De film is dus niet in Suriname opgenomen. Dat komt deels omdat het verhaal zich afspeelt op een suikerplantage. ‘Die zijn er niet meer hier’, aldus regisseur Jean van de Velde ‘Ik had natuurlijk wel graag hier willen schieten.’ Door middel van computertechnologie en met behulp van fotografie van de historische panden aan de Waterkant is het toch gelukt om een beeld te kunnen creëren van hoe Paramaribo er in die periode uit moet hebben gezien. Er was zelfs nog enige strijd om de taal die gesproken zou worden. Vanuit de producenten werd geopperd dat de slaven Engels moesten spreken, met het oog op de internationale markt. Gelukkig heeft Van de Velde voet bij stuk gehouden. ‘Tot het laatst heb ik volgehouden dat de taal het Sranang moest zijn, minder goed voor de internationale markt maar toch. Het slaat toch nergens op dat in een film over Surinaamse slaven er Engels gesproken wordt.’ Een groot deel van de figuranten was ook van Zuid-Afrikaanse komaf. ‘Naderhand zijn hun teksten ‘gedubt’ door Surinaamse acteurs.’
Gitaar met twee snaren
De film koste uiteindelijk 4,6 miljoen Euro. Volgens Van de Velde een krap budget voor een historisch drama. ‘Omdat het een historisch drama is, kan je niets gebruiken uit deze tijd. Dus alles moest gemaakt worden, van koetsen tot huizen tot kleding!’ Ook door het grote aantal pagina’s dat vertaald moest worden naar een filmverhaal was de (werk)druk hoog om toch binnen het budget te blijven. ‘Maar door hard werken van vooral de jonge acteurs en de filmploeg in Zuid-Afrika is het allemaal gelukt. We hebben ze uitgedaagd muziek te maken met een gitaar die maar twee snaren heeft!’

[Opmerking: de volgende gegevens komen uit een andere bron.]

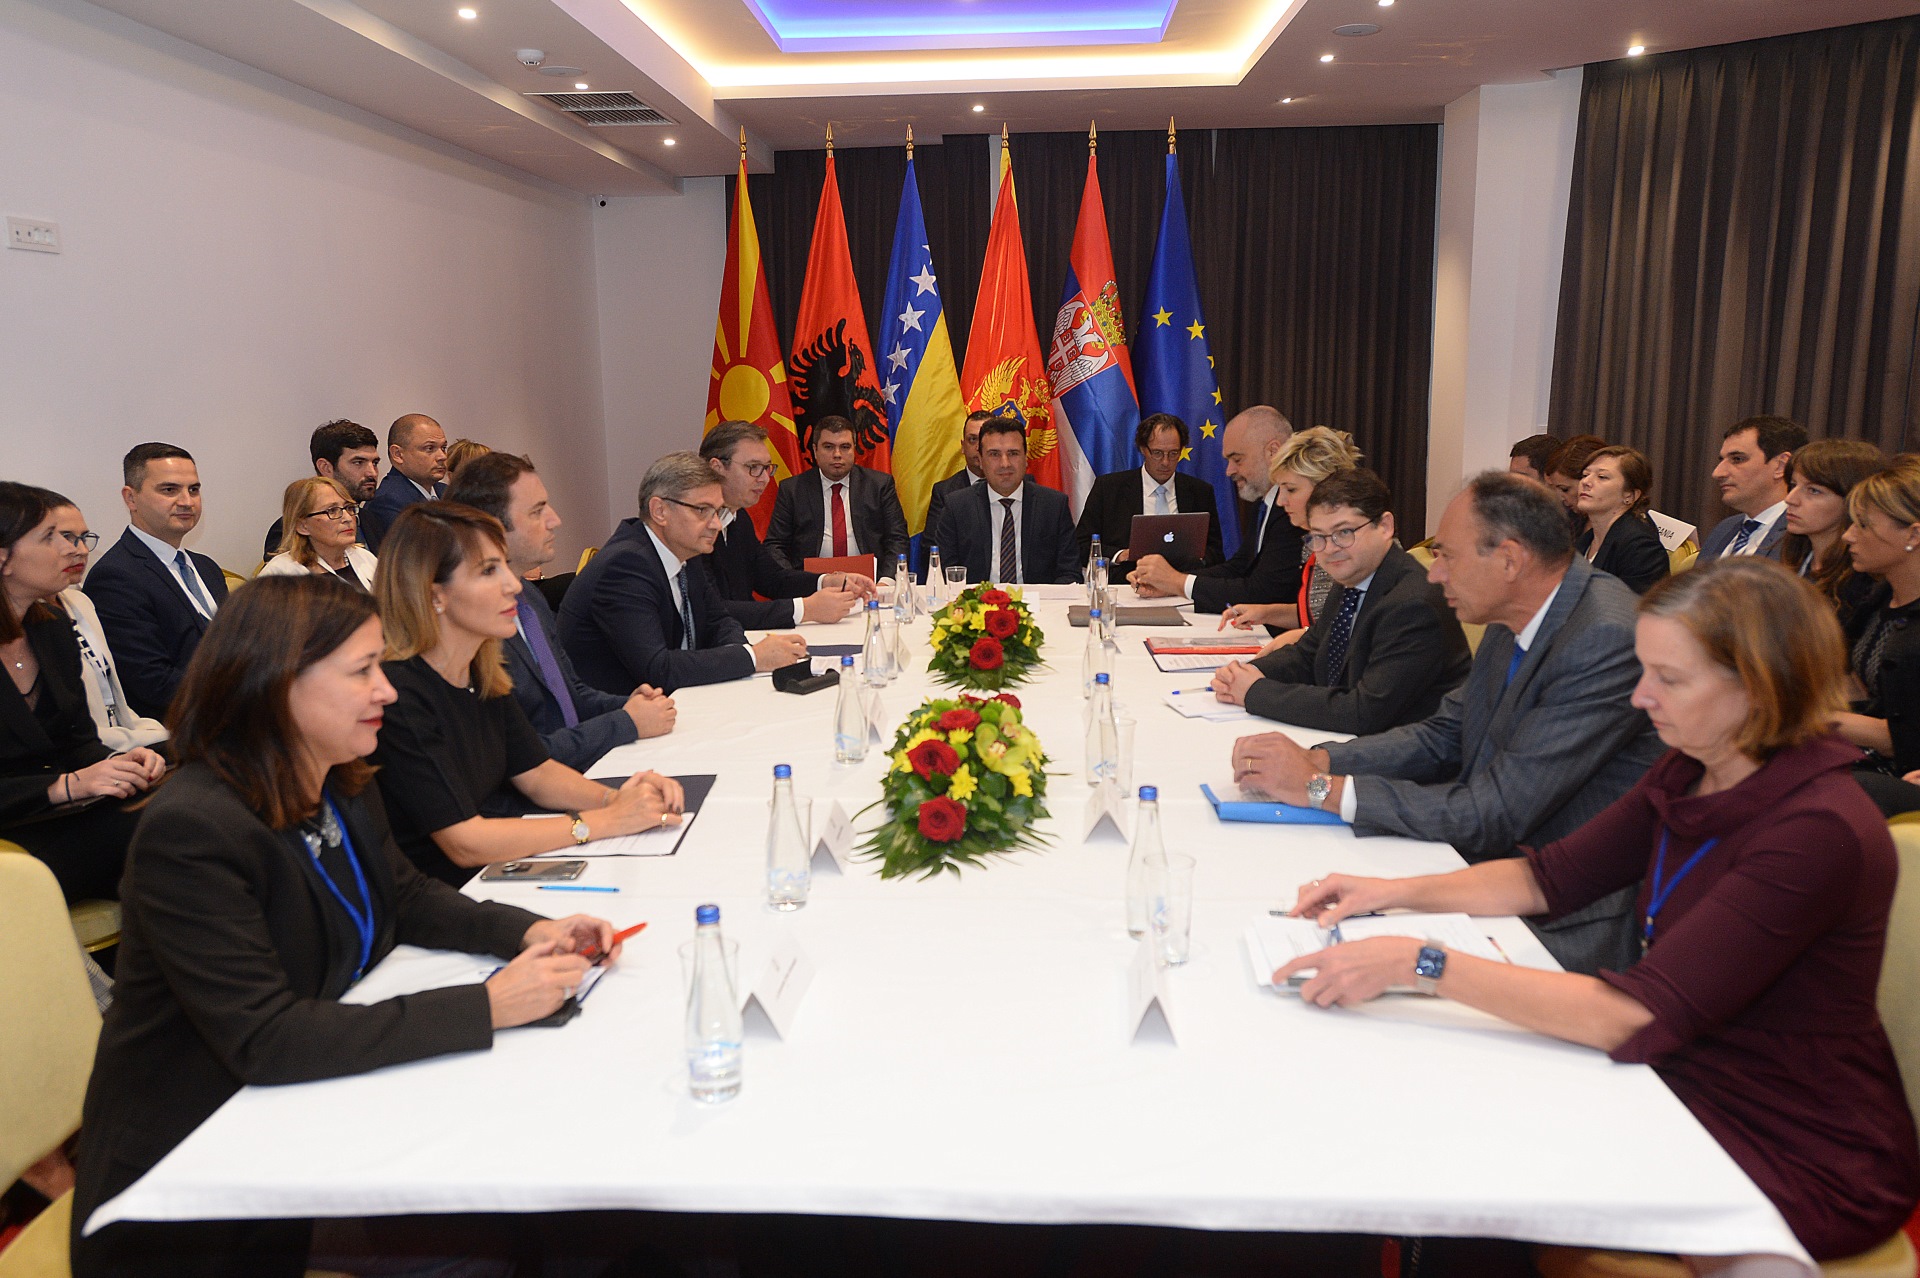 Predsednik Srbije Aleksandar Vucic dobri sastanci i odluke u Ohridu, ocekujem napade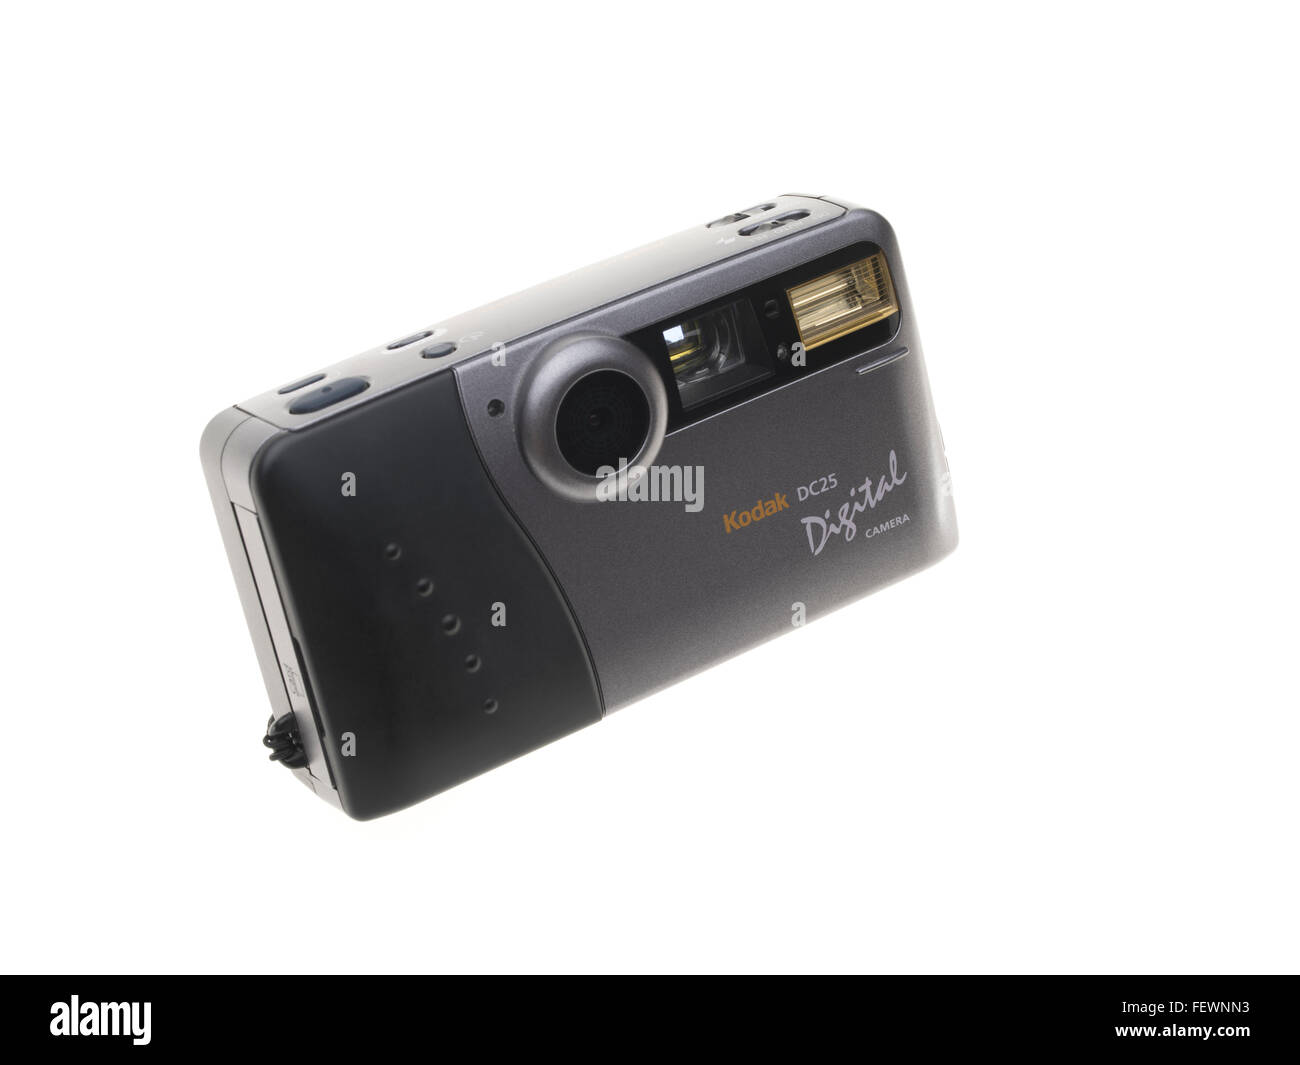 Appareil photo numérique Kodak DC25 l'un des premiers consommateurs de masse de l'appareil photo numérique, sorti en 1996 0,2 mégapixels Banque D'Images

Helaas geen Surinaamse film
Vanuit de pers worden meerdere vragen gesteld omtrent de financiering van de film. Zo wordt er gevraagd of er Surinaams geld in zit. Een vraag waar de schrijfster meteen en kordaat antwoord op geeft. ‘Nee! Er zit geen Surinaams geld in. Helemaal niks. Suriname had er voor kunnen kiezen natuurlijk! Want hadden wij dit zelf kunnen doen? Ja! Maar Suriname kiest ervoor 18 miljoen uit te geven aan Carifesta en wat hebben we daaraan overgehouden?! Wat hebben we daarvan over?! Suriname had kunnen kiezen hier 5 miljoen aan uit te geven en dan hadden wij dit voor eeuwig gehad!! Maar daar heeft Suriname niet voor gekozen, hoor!’ De film is helemaal gefinancierd door Nederlandse instanties.